Carrie-Ann Bracco - 2001 Artist-In-Residence

Statement:
I live in NYC.  During the early months of the pandemic, I found it impossible to make art due to constant anxiety and having to adjust to the "new normal" for daily necessities.  By May, I was attempting small works, mostly as an exercise to regain focus.  In June, I created small monotypes, quick studies that were direct responses to my daily experiences with the pandemic and at Black Live Matter protests.  Once the acute stress settled down, the pandemic provided a rare opportunity to more deeply focus on my artwork.  The other activities normally competing for my time were gone and I could paint more leisurely, explore methods and fully immerse myself in the process.  Creating landscapes was a refuge and an escape from the difficult present moment into more comforting worlds, even if they were only memories and my own invention.

Pat Brentano - 2005 Artist-In-Residence

Statement:
During the lockdown, I created work on a table in front of a large window. The discipline of staying in one place, pushed me to look deeper at the native habitat found in my backyard. Using old tablecloths from the 50s, I created collages on paper and canvas. Working for months from my living room, looking out the same picture window, reaffirmed the idea that inspiration is limitless.
​
The pandemic provided an opportunity to enrolled in the NYSS online drawing course, Finding Abstraction in the Landscape. I worked in my garage using my yard as inspiration. I have learned to slow down, be more observant and value what is already in front of me. I had time to read, write exhibition proposals, explore new ideas and take a good look at my work and career path. 
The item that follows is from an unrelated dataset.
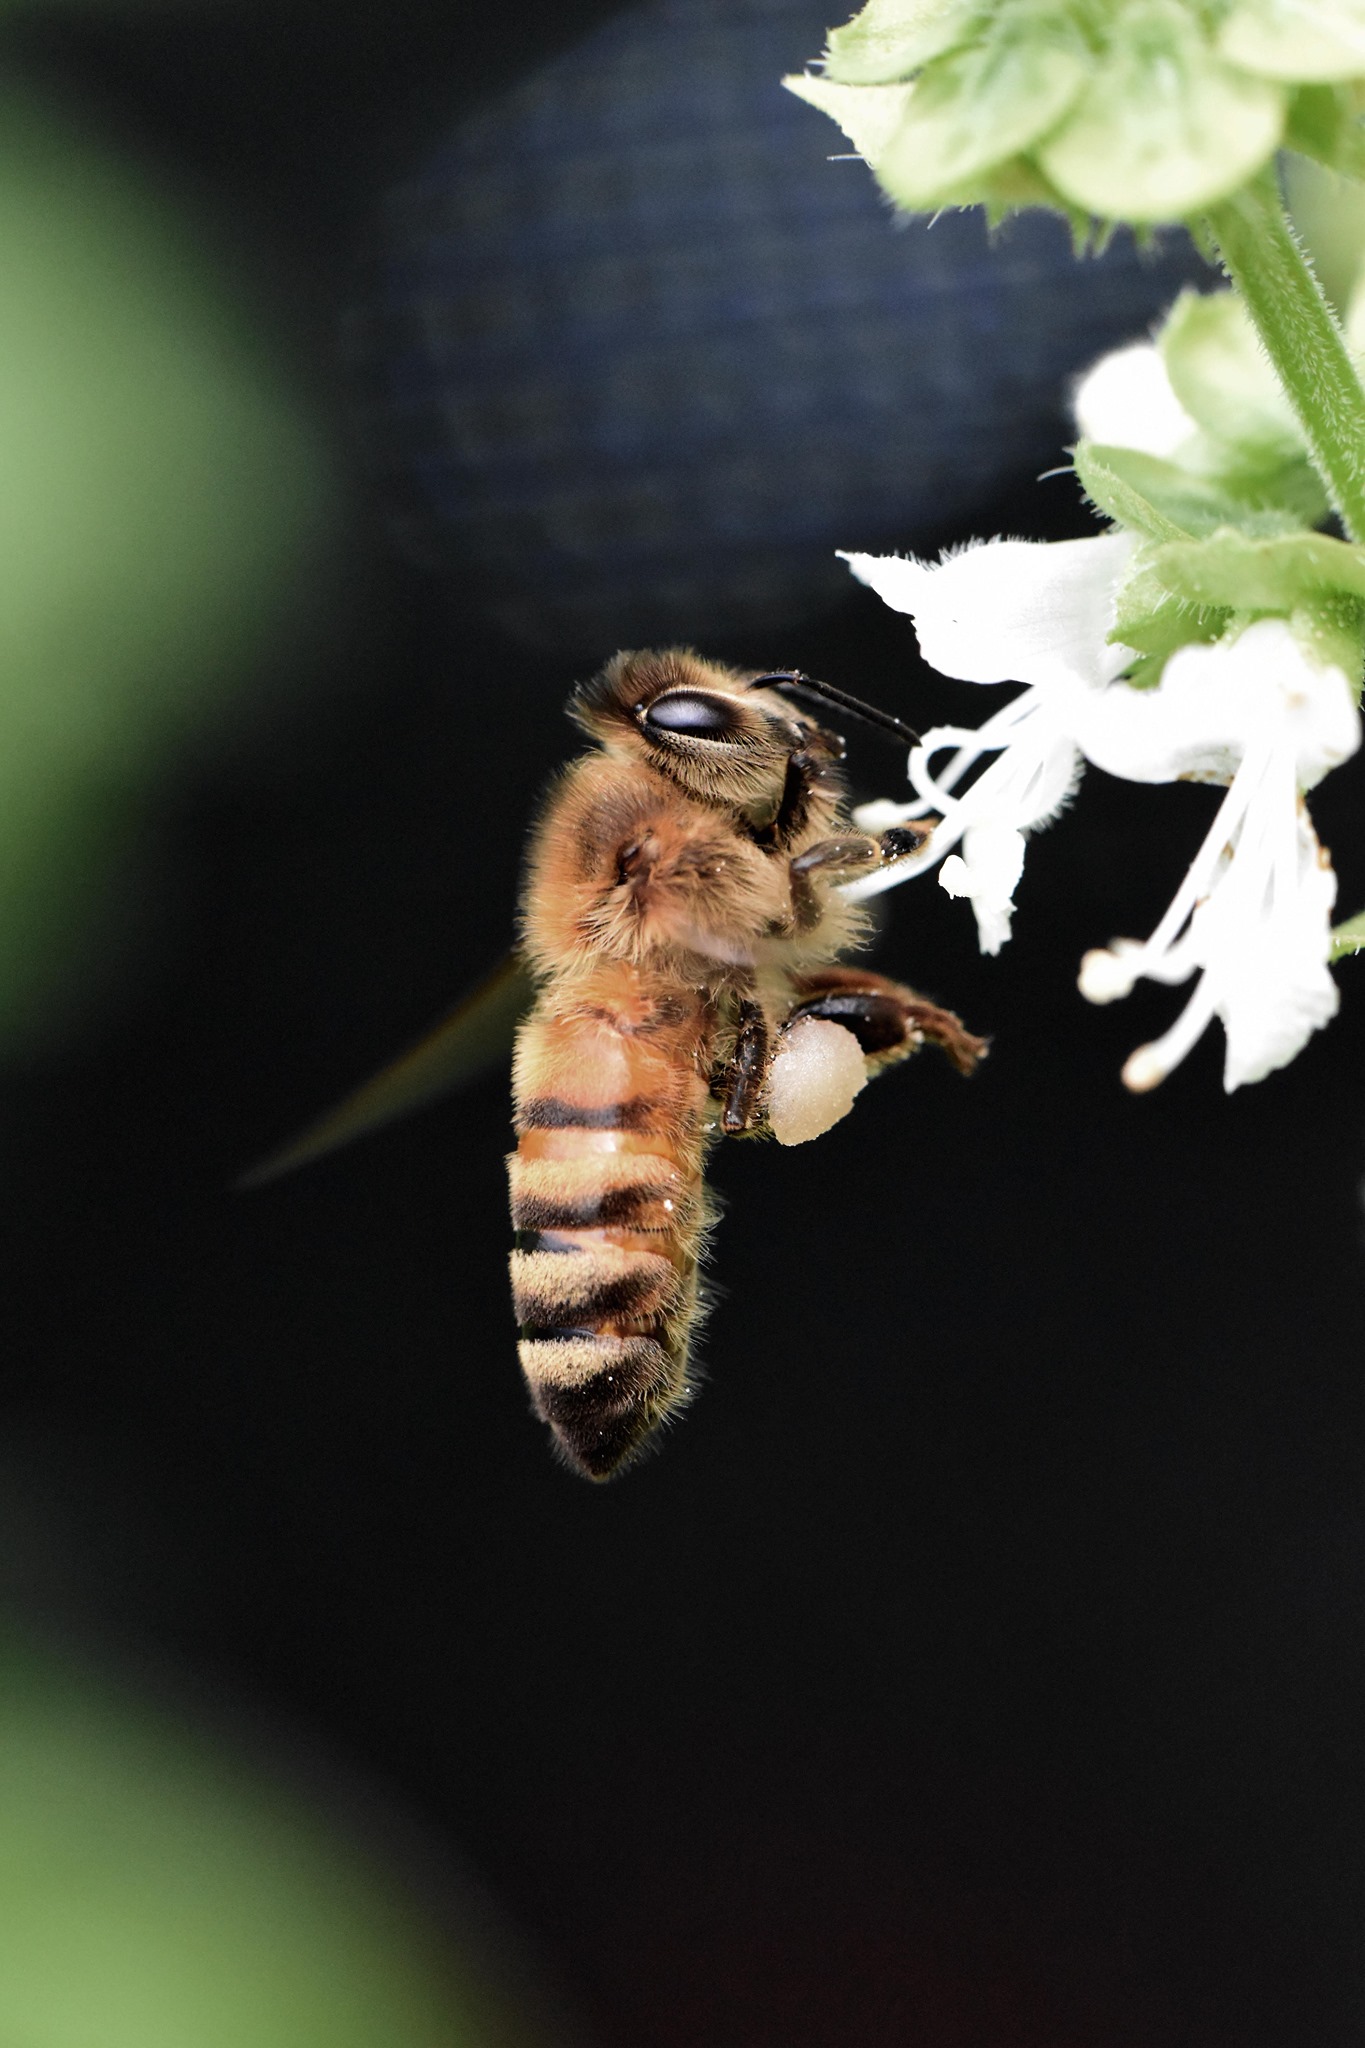 Close up image of a honeybee hovering at the stamen of a white flower

Karen Bright - 2018 Artist-In-Residence

Statement:
Perhaps the silver lining of the pandemic is that it has provided a quarantine state of mind. This is helpful for an artist who needs time away from distractions to focus and create work. That being said, extra time to focus on creating, while at the same time using the act of painting as a means to work through the fear, anxiety, frustration and worry brought on by the pandemic, has been a form of coping.
 
Before COVID, my work was quieter with the message being more encased in the title, giving the viewer a chance to retrieve their own interpretations and feelings. Since the pandemic, the work is not as quiet; the message is still there and very much focused on the natural world, climate change, and the fragility of life, but the messaging is more direct and angrier, I would think of it as—in your face. 
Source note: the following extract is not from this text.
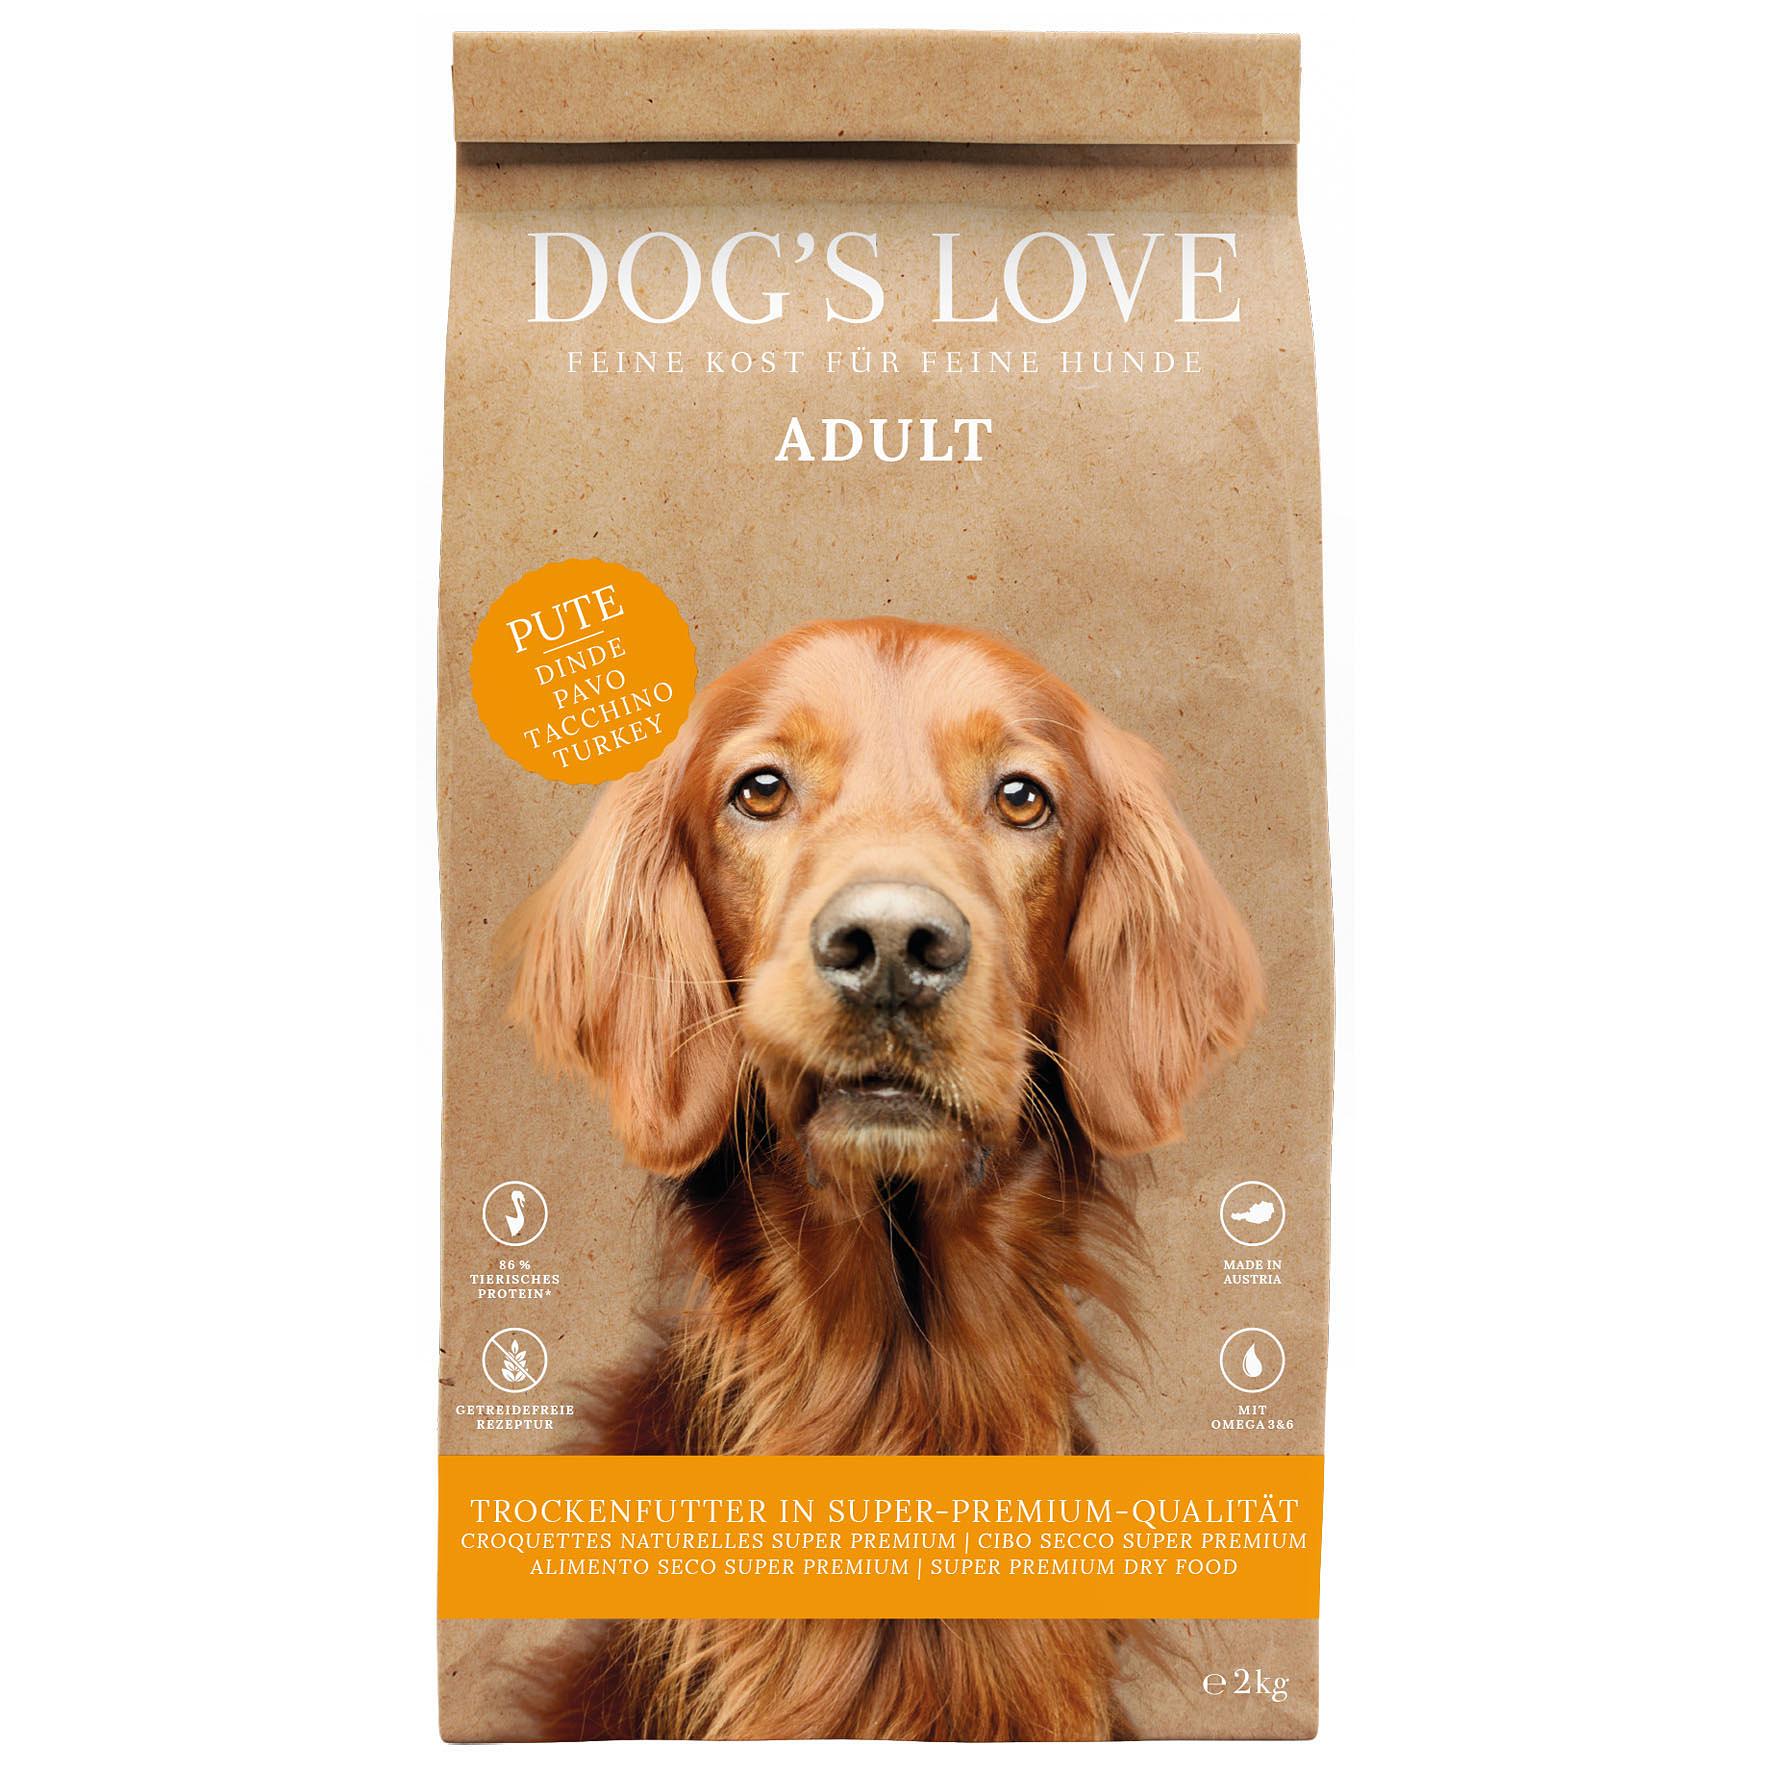 Dog‘s Love Adult dinde, patate douce & canneberges

m Burgess - 2002 & 2013 Artist-In-Residence

Statement:
When we New Yorkers were first quarantined, I found it difficult to focus on my work due to extreme emotions and attempts to assure safety. Sharing home-space without access to studio, I maintained my usual grounding exercise: sitting 20 minutes without thinking. It was still difficult to prevent disruptive thoughts from returning, so I started singing. Knowing it would be awhile before I could approach my usual work, I changed my process entirely with a simple project: painting mythological healers while I warbled. As Japanese legend has it, the Amabie sea-creature and landbound Amabiko are prophetic critters gifted with the ability to heal. It is said that keeping an image of them in your home can protect you from epidemics. When some friends got the virus and others worried, I texted them these images, which became a welcome form of support. As time wears on, this project is gaining complexity.

Linda Byrne - 2006 Artist-In-Residence

Statement:
 As the pandemic began, I became unemployed and my art studio was closed. Moving my art making space to our small dining room table, I struggled. At the same time I was caretaking my mom with little energy left to focus on art. I managed to make a small mail art piece and spent several hours most days walking an ever widening area of where I live, taking pictures of all the closed storefront signs as an ode to the compromised city. When an open call came from Drawing Rooms, a gallery in Jersey City, for interpretations of prayer flags for an online exhibition and catalog called Prayers For The Pandemic, I was inspired to make physical art again. That experience influenced my style, resulting in a series on endangered trees. This new focus came from a needed hike in nature combined with the news of the devastating forest fires.